Tal vez lo que más me costó del libro fue adquirir categorías para entender lo que pasaba en estas latitudes. Como parte de la investigación, descubrí que ya existía una tradición de tiznado escénico, que venía del teatro español en el siglo XVII, con características diferentes al blackface estadounidense. Es esa la tradición la que influyó en el Río de La Plata. En Buenos Aires, la  utilización de la máscara negra arrancó con las comparsas de la elite. Luego de que estas se retiraran de la escena, este código estético fue retomado por las clases bajas, en comparsas, a veces mixtas, que combinaban negros y blancos, donde ambos se tiznaban. Todo indica que se trató de un juego, un acercamiento, más que un pronunciamiento racista. 
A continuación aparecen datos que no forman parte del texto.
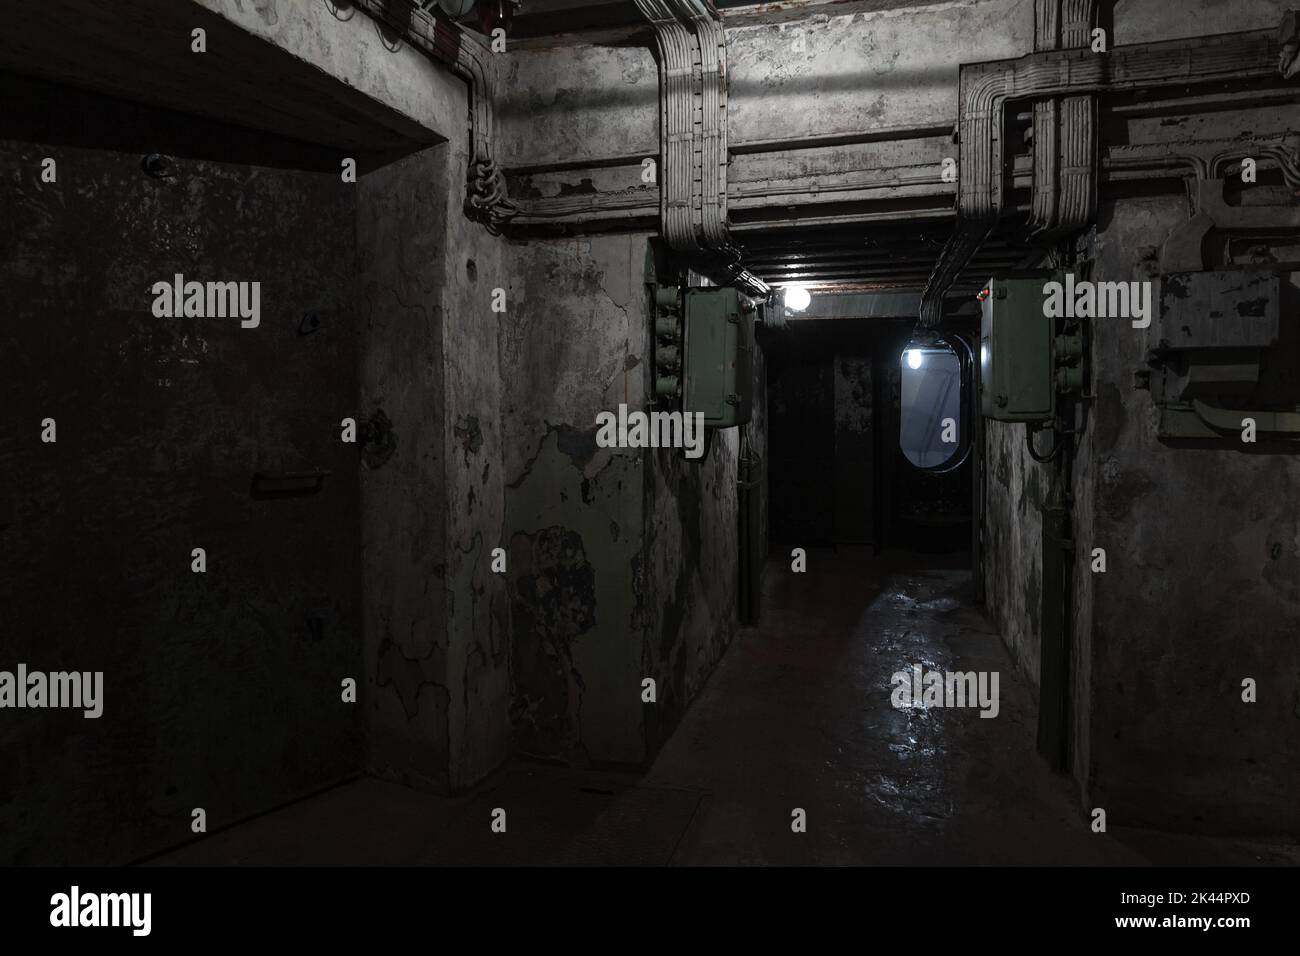 Astratto scuro bunker militare interno, grungy camere sotterranee con scarsa illuminazione Foto Stock
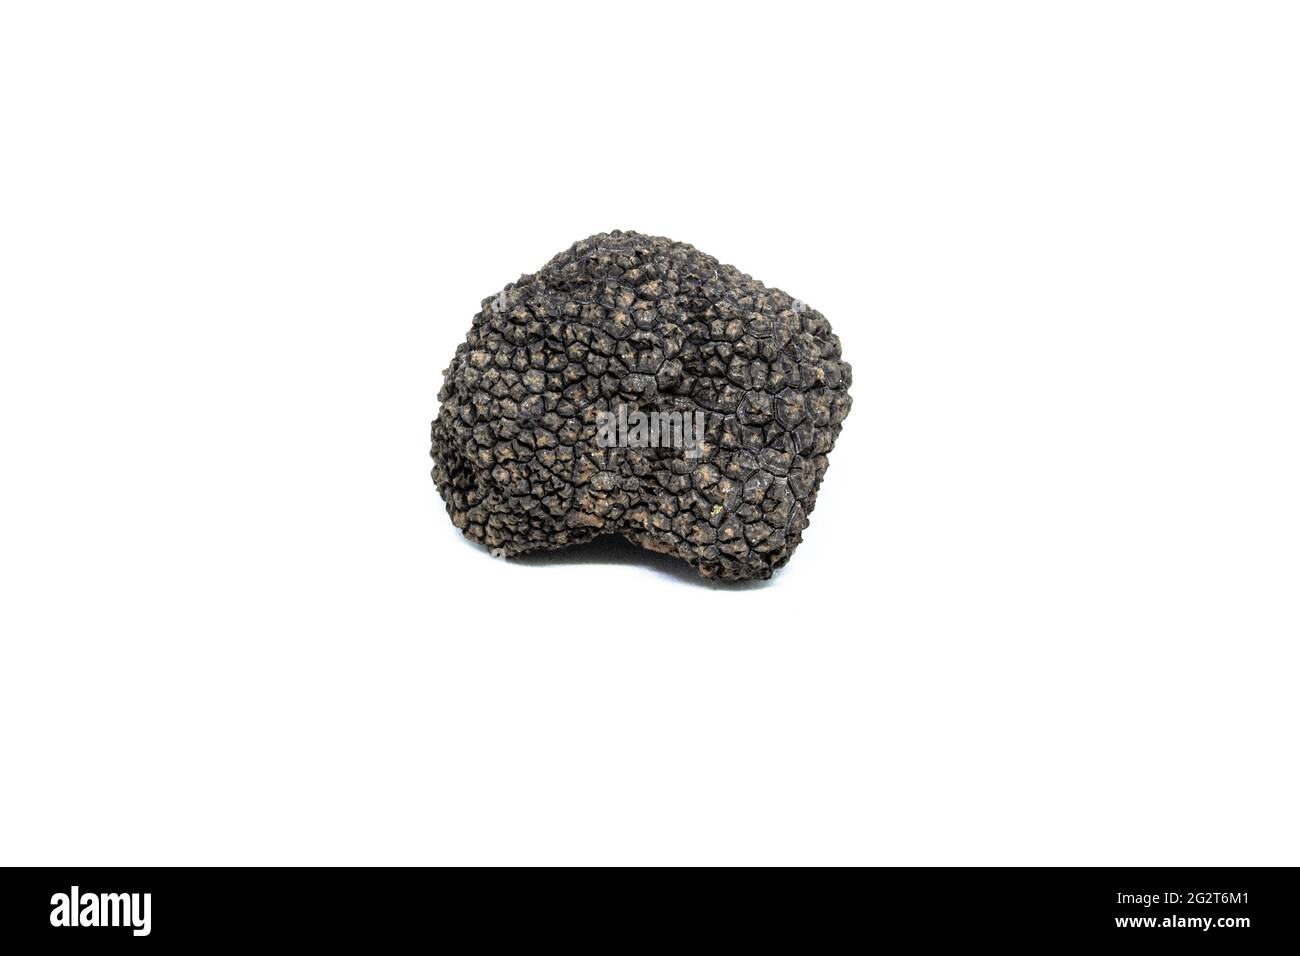 une truffe noire unique, tuber aestivum, photographiée sur fond blanc Banque D'Images

Esta tradición por parte de amplios sectores populares de adoptar el candombe, tocar los tambores, vestirse y cantar como afrodescendientes, e incluso tiznarse, actuó, en el carnaval porteño, como un camino de construcción de un lazo afectivo popular entre blancos y negros. 

—¿Qué huellas dejó ese acercamiento entre negros y blancos durante el carnaval en la cultura popular posterior?

—Yo ya había hecho una investigación sobre el bombo como emblema del peronismo y había encontrado una conexión muy intensa con el carnaval. Los primeros en tocar el bombo durante las jornadas del 17 y 18 de octubre participaban de murgas. El carnaval fue posiblemente la cuna de la asociación entre lo popular y lo negro en nuestro país, antes de que las clases altas empezaran a utilizar el término “negro” para despreciar a las clases bajas en su conjunto.

Aunque en 1894 se prohibieron en Buenos Aires las comparsas candomberas (tanto de blancos como de negros), hay una serie de códigos culturales de ese acercamiento que permanecen y afectan la cultura argentina. En la historia del tango, la influencia del candombe es absolutamente central. No habría tango sin carnaval. También esta herencia puede vislumbrarse en el resurgimiento del candombe comercial en la década de 1940 y en el fenómeno de las murgas carnavalescas. 

—Para cerrar, ¿qué pueden esperar los lectores al comprar tu libro?  

—Creo que estamos muy habituados a pensar estas cuestiones desde categorías del hemisferio norte. Y, sobre todo, desde una visión que nos lleva a imaginar a las culturas como compartimentos estancos, como si cada grupo étnico tuviera una única cultura y no hubiera intercambios, convivencias y creaciones. La decisión de articular etnicidades nuevas a partir de la combinación de elementos de distinta procedencia es muy propia de las clases populares en Latinoamérica. Este libro es una invitación a pensar desde la mezcla. Y, finalmente, diría que es una lectura muy divertida, porque yo mismo me divertí muchísimo escribiendo, encontrando la ventana a un mundo fascinante.